■ Records for the task
+++++

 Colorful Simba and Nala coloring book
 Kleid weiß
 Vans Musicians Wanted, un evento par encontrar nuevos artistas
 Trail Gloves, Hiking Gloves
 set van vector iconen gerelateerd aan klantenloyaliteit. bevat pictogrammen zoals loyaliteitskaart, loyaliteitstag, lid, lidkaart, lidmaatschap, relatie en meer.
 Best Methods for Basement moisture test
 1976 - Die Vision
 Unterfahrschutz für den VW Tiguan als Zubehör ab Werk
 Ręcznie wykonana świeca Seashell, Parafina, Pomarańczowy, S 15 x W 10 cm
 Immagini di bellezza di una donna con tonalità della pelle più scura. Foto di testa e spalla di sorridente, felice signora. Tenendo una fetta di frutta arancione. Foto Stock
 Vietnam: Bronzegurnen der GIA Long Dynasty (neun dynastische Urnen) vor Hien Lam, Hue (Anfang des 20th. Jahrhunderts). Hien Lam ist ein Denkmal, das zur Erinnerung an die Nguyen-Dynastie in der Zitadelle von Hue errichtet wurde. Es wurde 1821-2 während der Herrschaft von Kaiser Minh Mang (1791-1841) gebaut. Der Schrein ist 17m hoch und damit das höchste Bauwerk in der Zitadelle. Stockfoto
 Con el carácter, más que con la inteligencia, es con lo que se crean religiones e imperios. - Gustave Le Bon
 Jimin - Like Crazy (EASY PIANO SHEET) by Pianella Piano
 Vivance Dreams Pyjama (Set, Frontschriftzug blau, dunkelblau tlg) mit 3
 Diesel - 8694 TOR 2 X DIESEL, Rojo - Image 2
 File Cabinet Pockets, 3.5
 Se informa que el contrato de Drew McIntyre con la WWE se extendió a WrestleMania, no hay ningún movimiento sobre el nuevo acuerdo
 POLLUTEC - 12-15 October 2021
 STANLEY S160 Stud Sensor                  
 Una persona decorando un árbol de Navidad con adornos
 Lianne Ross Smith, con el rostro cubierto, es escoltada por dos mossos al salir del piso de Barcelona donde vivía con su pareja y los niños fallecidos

+++++

■ Goal of the exercise
Copy the records above, keeping each line identical.

■ Solution to the problem
 Colorful Simba and Nala coloring book
 Kleid weiß
 Vans Musicians Wanted, un evento par encontrar nuevos artistas
 Trail Gloves, Hiking Gloves
 set van vector iconen gerelateerd aan klantenloyaliteit. bevat pictogrammen zoals loyaliteitskaart, loyaliteitstag, lid, lidkaart, lidmaatschap, relatie en meer.
 Best Methods for Basement moisture test
 1976 - Die Vision
 Unterfahrschutz für den VW Tiguan als Zubehör ab Werk
 Ręcznie wykonana świeca Seashell, Parafina, Pomarańczowy, S 15 x W 10 cm
 Immagini di bellezza di una donna con tonalità della pelle più scura. Foto di testa e spalla di sorridente, felice signora. Tenendo una fetta di frutta arancione. Foto Stock
 Vietnam: Bronzegurnen der GIA Long Dynasty (neun dynastische Urnen) vor Hien Lam, Hue (Anfang des 20th. Jahrhunderts). Hien Lam ist ein Denkmal, das zur Erinnerung an die Nguyen-Dynastie in der Zitadelle von Hue errichtet wurde. Es wurde 1821-2 während der Herrschaft von Kaiser Minh Mang (1791-1841) gebaut. Der Schrein ist 17m hoch und damit das höchste Bauwerk in der Zitadelle. Stockfoto
 Con el carácter, más que con la inteligencia, es con lo que se crean religiones e imperios. - Gustave Le Bon
 Jimin - Like Crazy (EASY PIANO SHEET) by Pianella Piano
 Vivance Dreams Pyjama (Set, Frontschriftzug blau, dunkelblau tlg) mit 3
 Diesel - 8694 TOR 2 X DIESEL, Rojo - Image 2
 File Cabinet Pockets, 3.5
 Se informa que el contrato de Drew McIntyre con la WWE se extendió a WrestleMania, no hay ningún movimiento sobre el nuevo acuerdo
 POLLUTEC - 12-15 October 2021
 STANLEY S160 Stud Sensor                  
 Una persona decorando un árbol de Navidad con adornos
 Lianne Ross Smith, con el rostro cubierto, es escoltada por dos mossos al salir del piso de Barcelona donde vivía con su pareja y los niños fallecidos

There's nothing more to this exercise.